• **About this task**
Would you copy exactly the lines in the data below from the one that has "Lobby or reception, Lobby/Reception" through the one that has "Những hình ảnh", dropping any pictures?

• **Data in this exercise**
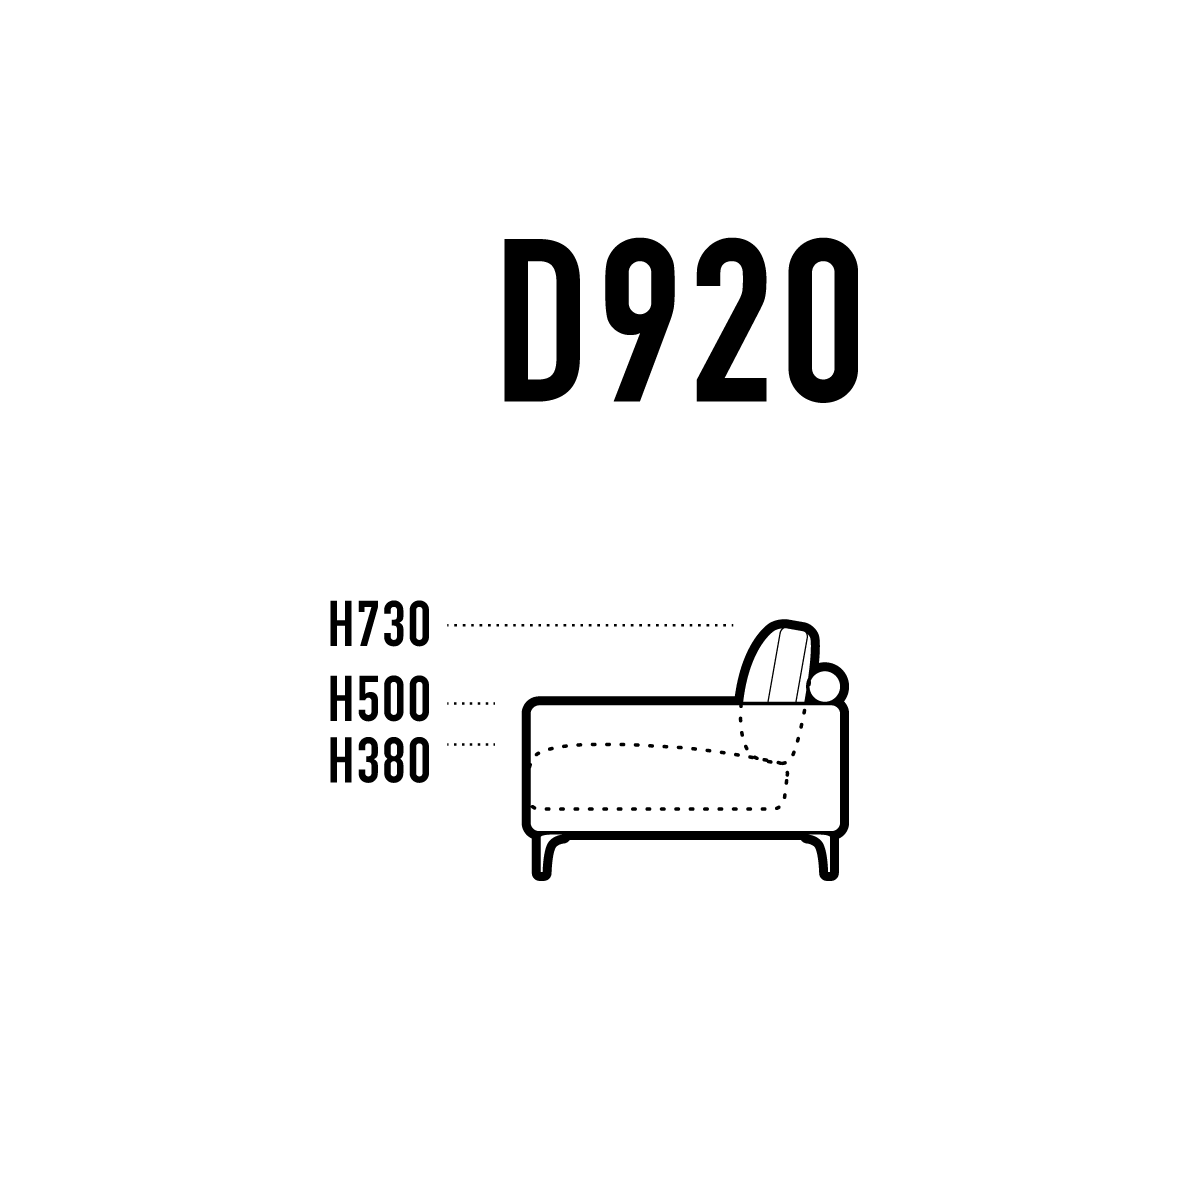 ロー ディープ Pj Sofa 国産ソファ専門店 匠ソファ 感動する座り心地を追求 東京青山 京都 通販
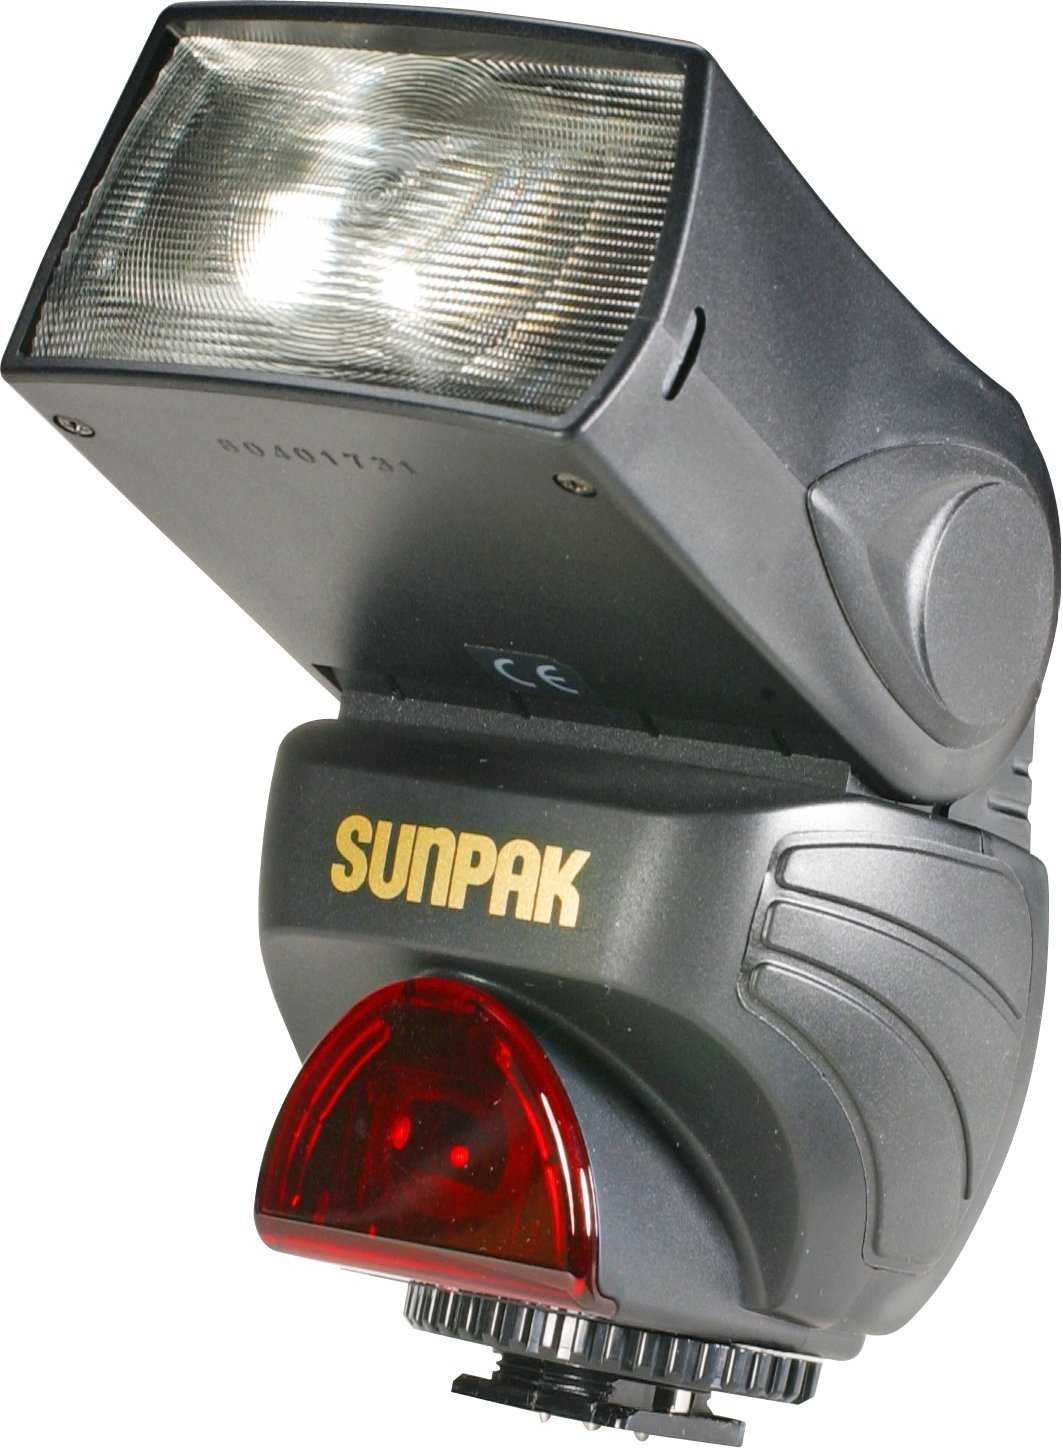 Sunpak pz42x digital flash for nikon купить по акционной цене , отзывы и обзоры.
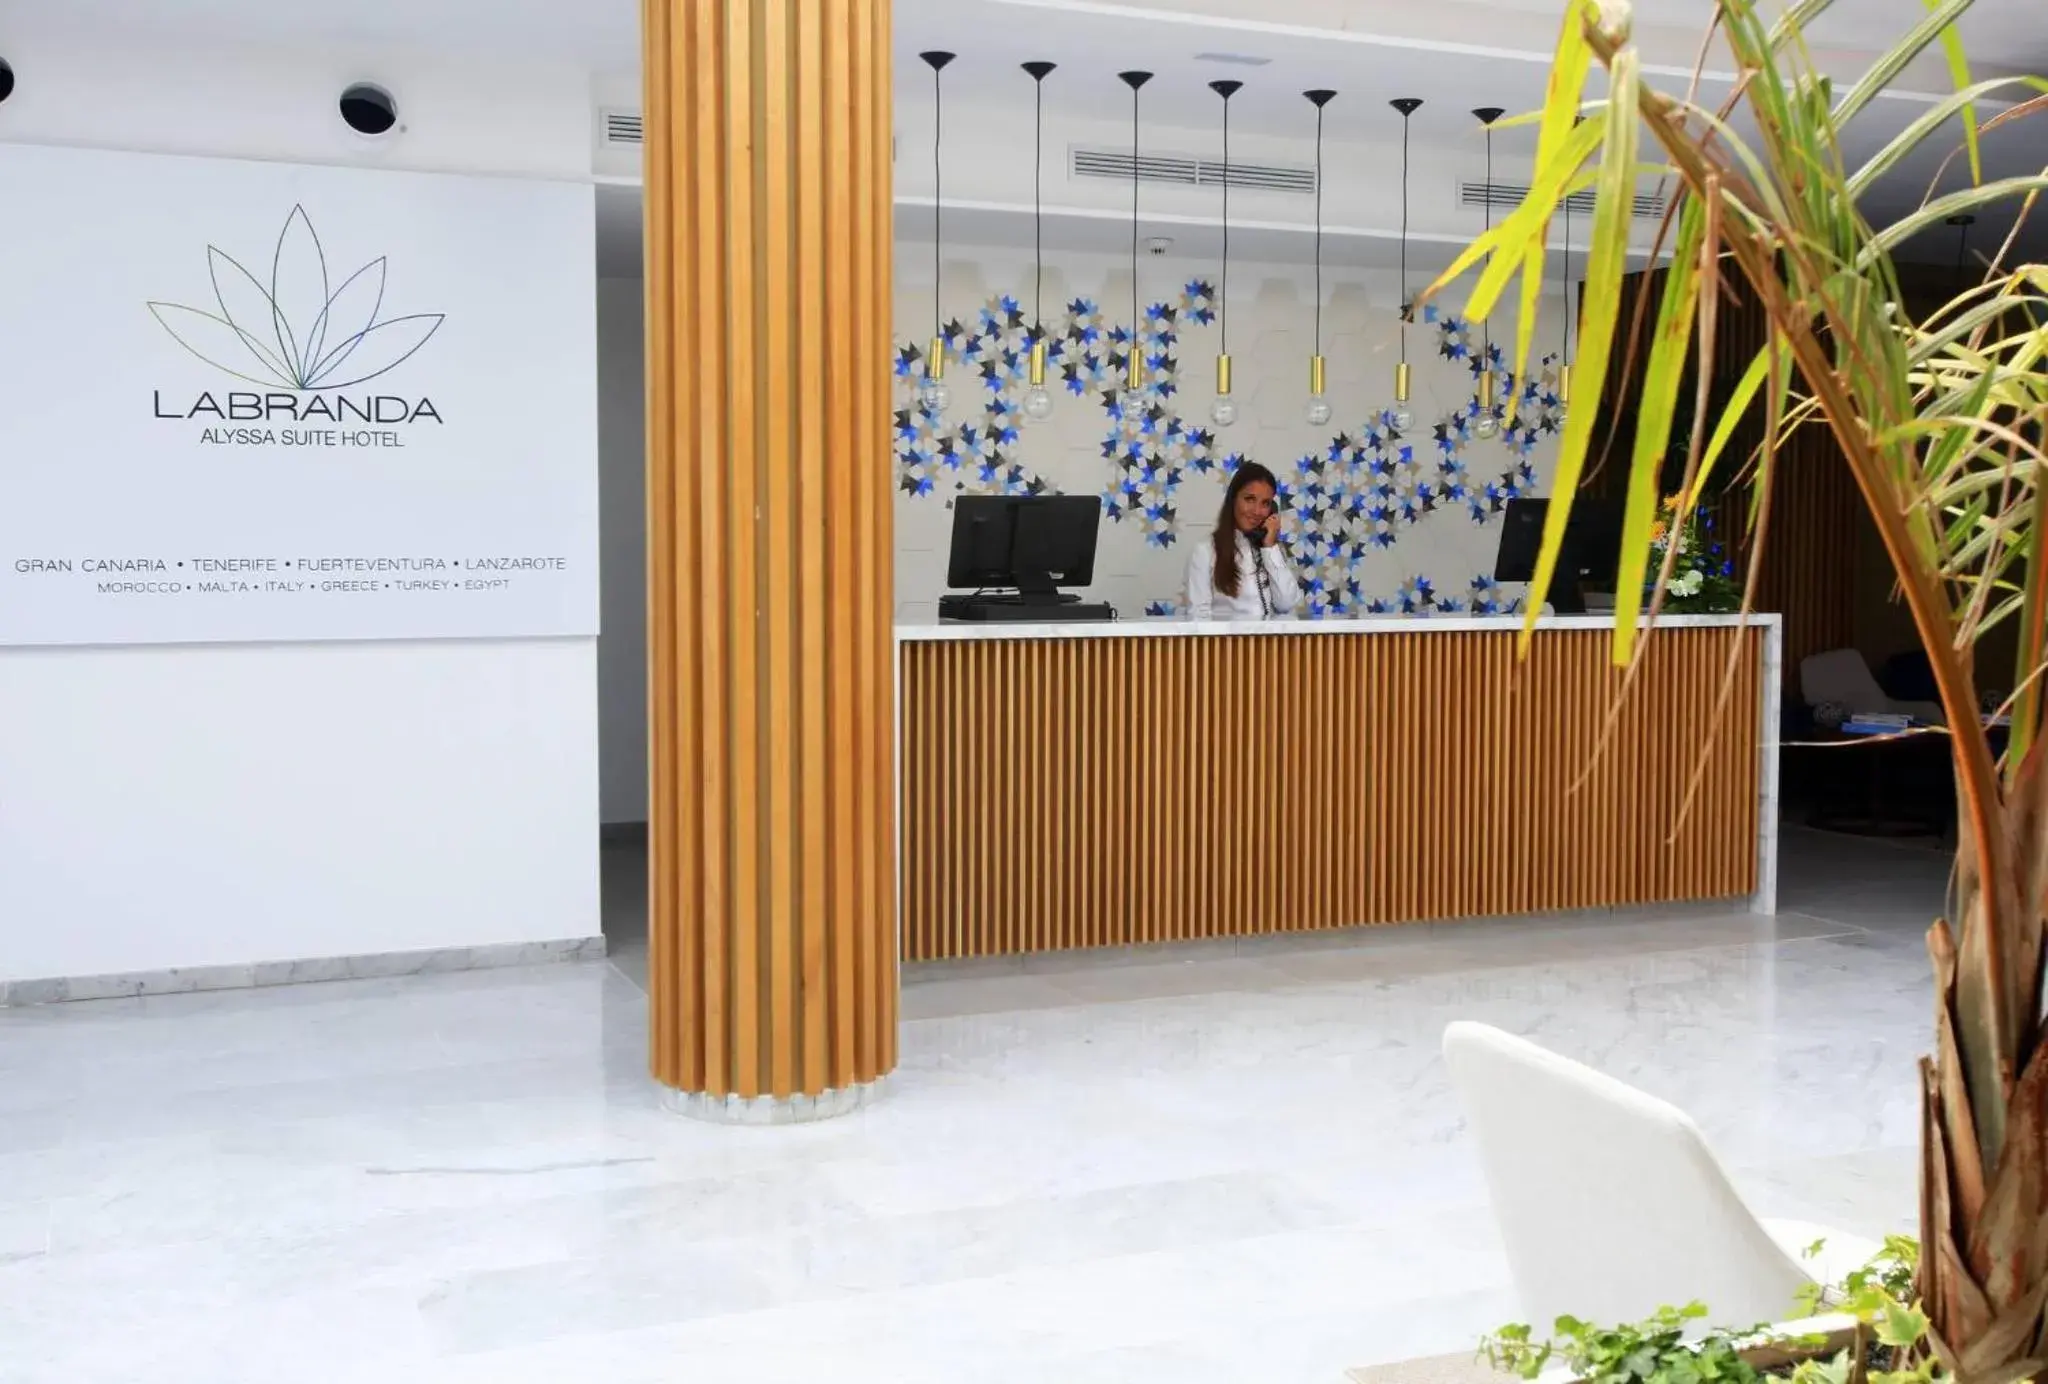 Lobby or reception, Lobby/Reception in Labranda Alyssa Suite Hotel
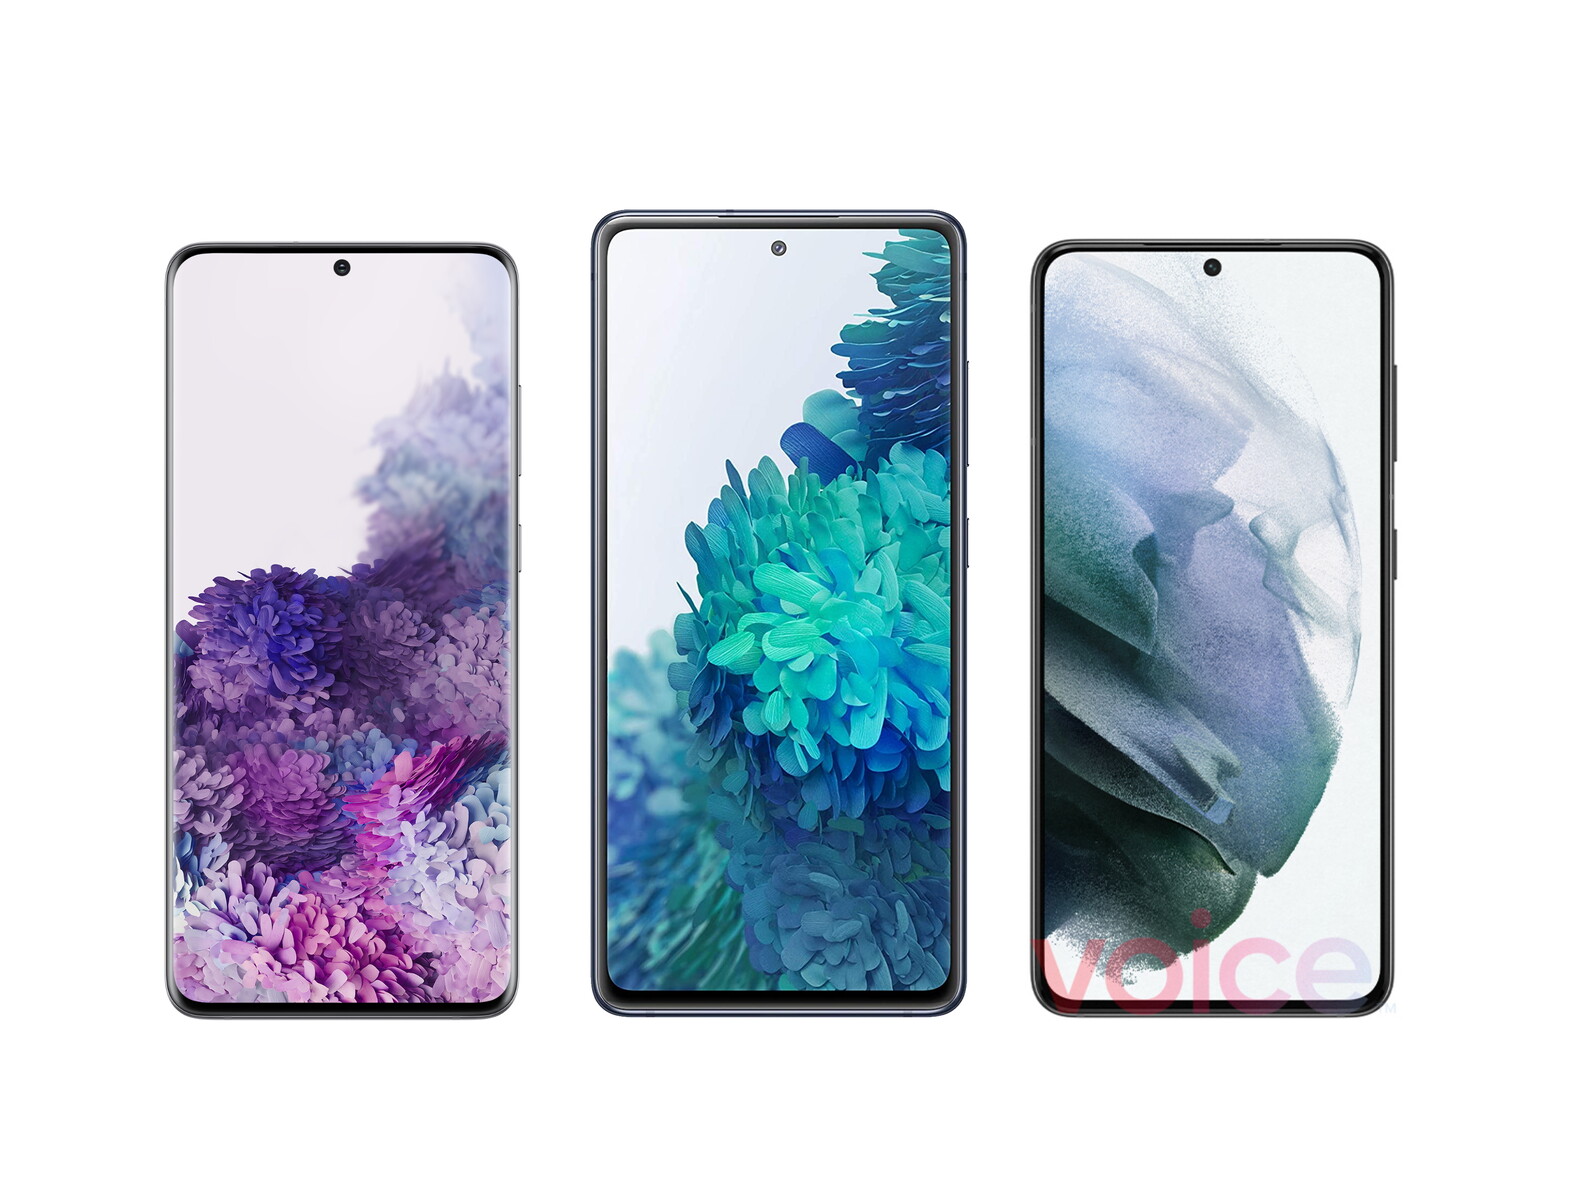 Những hình ảnh rò rỉ về Galaxy S21 5G đã tiết lộ thiết kế màn hình đẹp mắt và tinh tế. Hãy xem ngay để đón nhận những trải nghiệm tuyệt vời mà thiết bị của Samsung mang lại.
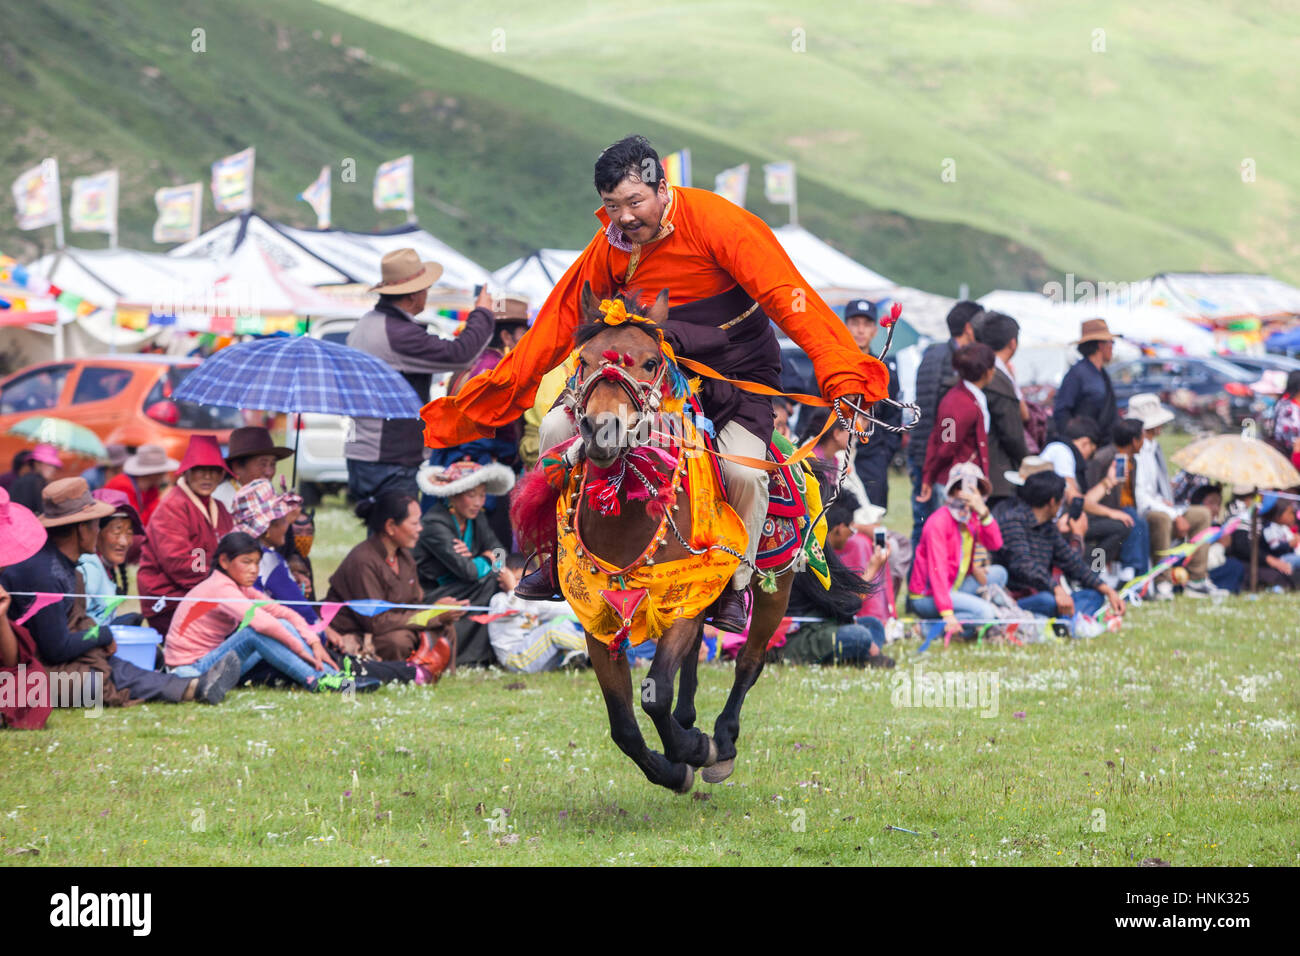 Khampa Mann Reiten während dem Manigango Pferdefest in der tibetischen Hochebene in Sichuan, China. Stockfoto

• **Finished exercise**
 Lobby or reception, Lobby/Reception in Labranda Alyssa Suite Hotel
 Những hình ảnh rò rỉ về Galaxy S21 5G đã tiết lộ thiết kế màn hình đẹp mắt và tinh tế. Hãy xem ngay để đón nhận những trải nghiệm tuyệt vời mà thiết bị của Samsung mang lại.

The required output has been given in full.